The Importance of Comprehensive Data

Comprehensive, real-time data is essential for effectively navigating the crypto market, particularly given its volatility and rapid evolution. Insights into Bitcoin and Ethereum metrics, such as UTXO age distributions, holder accumulation patterns, and open interest trends, help investors and traders accurately assess market sentiment and underlying network strength. Additionally, stablecoin activity—including issuance trends, transaction volumes, and velocity metrics—can provide early signals about liquidity shifts and investor risk appetite.

Exchange-specific data, such as spot and derivatives volumes, funding rates, and long-short ratios, further enrich this analytical framework, offering crucial visibility into market positioning and potential leverage risks. Amberdata equips institutions and traders with these critical insights, enabling precise risk management and informed investment decisions. For more detailed research and analysis, visit our research blog. To explore how Amberdata can support your market strategies, contact us or request a demo.

Stablecoins

As measured on the Ethereum Network, stablecoins demonstrated resilience and adaptability amid shifting regulatory environments and market volatility. Tether (USDT), despite regulatory pressures like Europe’s MiCA legislation, slightly reduced its market cap from approximately $77.2 billion to around $74.4 billion. Conversely, USDC on the Ethereum Network saw significant growth, rising from about $34.5 billion to nearly $39.7 billion, bolstered by regulatory compliance and increased traditional finance integrations. PayPal’s PYUSD notably expanded rapidly, increasing from approximately $399 million to around $775 million, driven by growing institutional and retail adoption. Decentralized stablecoins such as MakerDAO’s DAI modestly declined from $3.55 billion to roughly $3.18 billion, reflecting cautious investor sentiment amid ongoing DeFi evolution. Stablecoin transfers varied significantly; FDUSD recorded notably large average transactions (~$2 million each), highlighting institutional-scale use cases. These dynamics underscored investor preferences shifting toward regulated, transparently backed stablecoins amidst persistent market uncertainty.

News and events

From January through mid-April 2025, the stablecoin landscape experienced significant developments, shaped by impactful regulatory changes, high-profile integrations, and notable incidents affecting market confidence and adoption.
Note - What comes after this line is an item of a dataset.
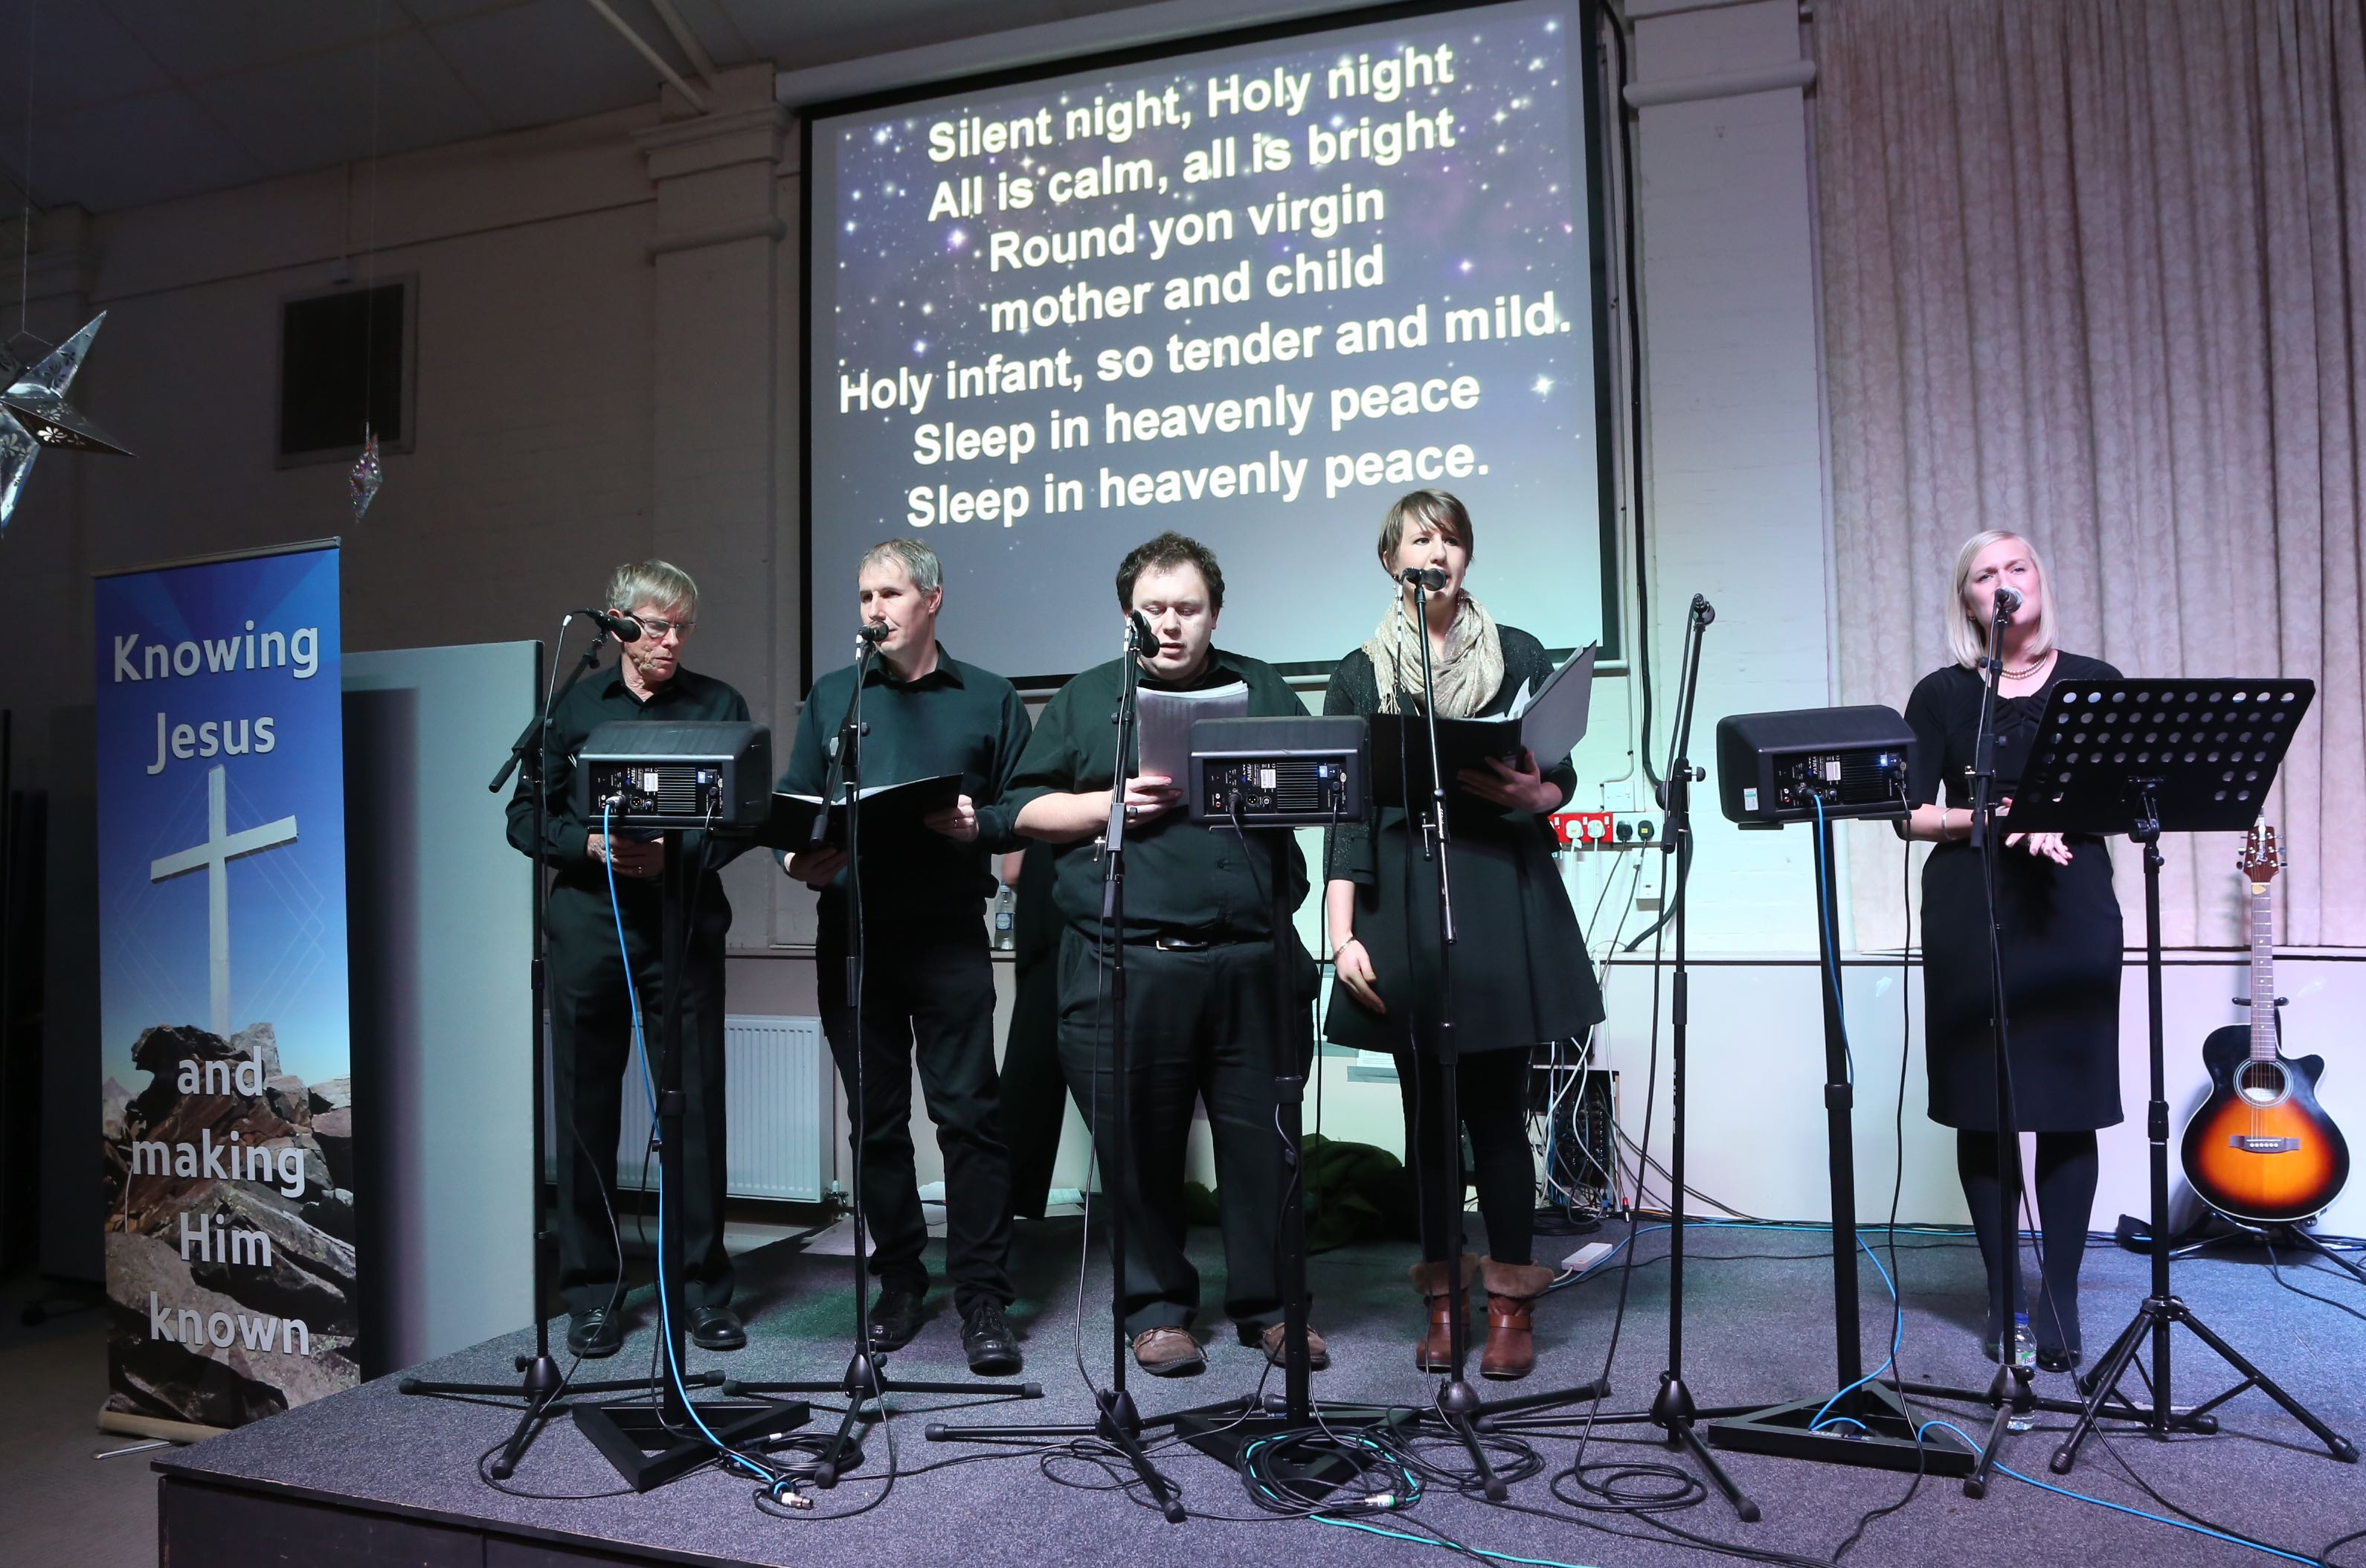 Barnabas Community Church choir led the carol singers

Early in 2025, stablecoins received strong backing from the highest levels of the U.S. government. On January 23, 2025, the newly inaugurated U.S. President issued an executive order explicitly promoting stablecoins as a legitimate and essential component of the global financial infrastructure. Crucially, this order halted federal efforts towards developing a U.S. central bank digital currency (CBDC), directing instead that regulatory agencies actively support lawful, fiat-backed stablecoins. The order marked a dramatic shift toward a more crypto-friendly stance, significantly boosting market confidence in stablecoins as institutional-grade financial instruments.

Shortly after, on January 30, 2025, Tether (USDT), the world's largest stablecoin, expanded onto the Bitcoin blockchain through integration with the Bitcoin and Lightning Networks. Enabled by Lightning Labs’ innovative Taproot Assets protocol, USDT became available for direct issuance on Bitcoin's base layer, allowing near-instantaneous and cost-efficient transfers. This technical advancement opened new possibilities for stablecoin usage in Bitcoin-based payments and remittances, expanding Tether’s already substantial market presence beyond Ethereum, Tron, and other smart contract platforms.
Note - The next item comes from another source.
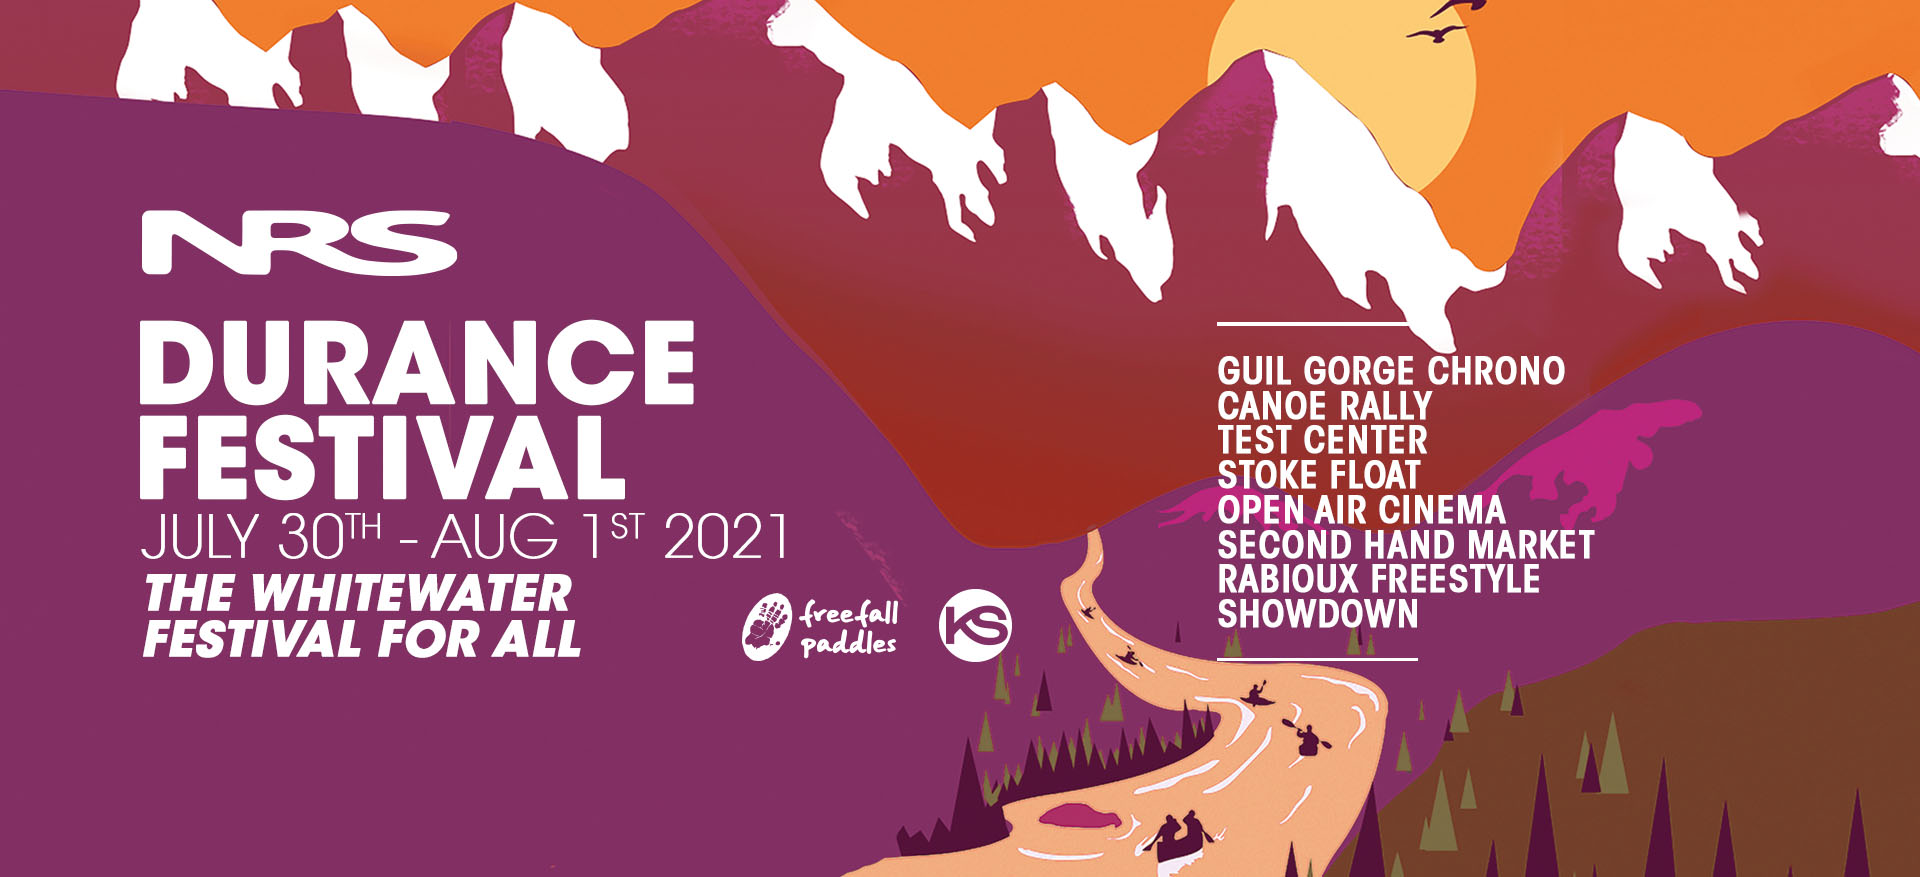 Durance Festival 2021

However, confidence in stablecoin-related financial services experienced a notable setback in February. On February 24, 2025, the Hong Kong-based stablecoin neobank Infini was subjected to a major on-chain exploit. A hacker managed to drain approximately $49.5 million worth of stablecoin deposits, severely undermining user trust. Although major stablecoins themselves did not depeg, this incident highlighted persistent vulnerabilities within decentralized finance (DeFi) and stablecoin yield-generation platforms, prompting heightened caution among users and investors regarding platform-specific risks.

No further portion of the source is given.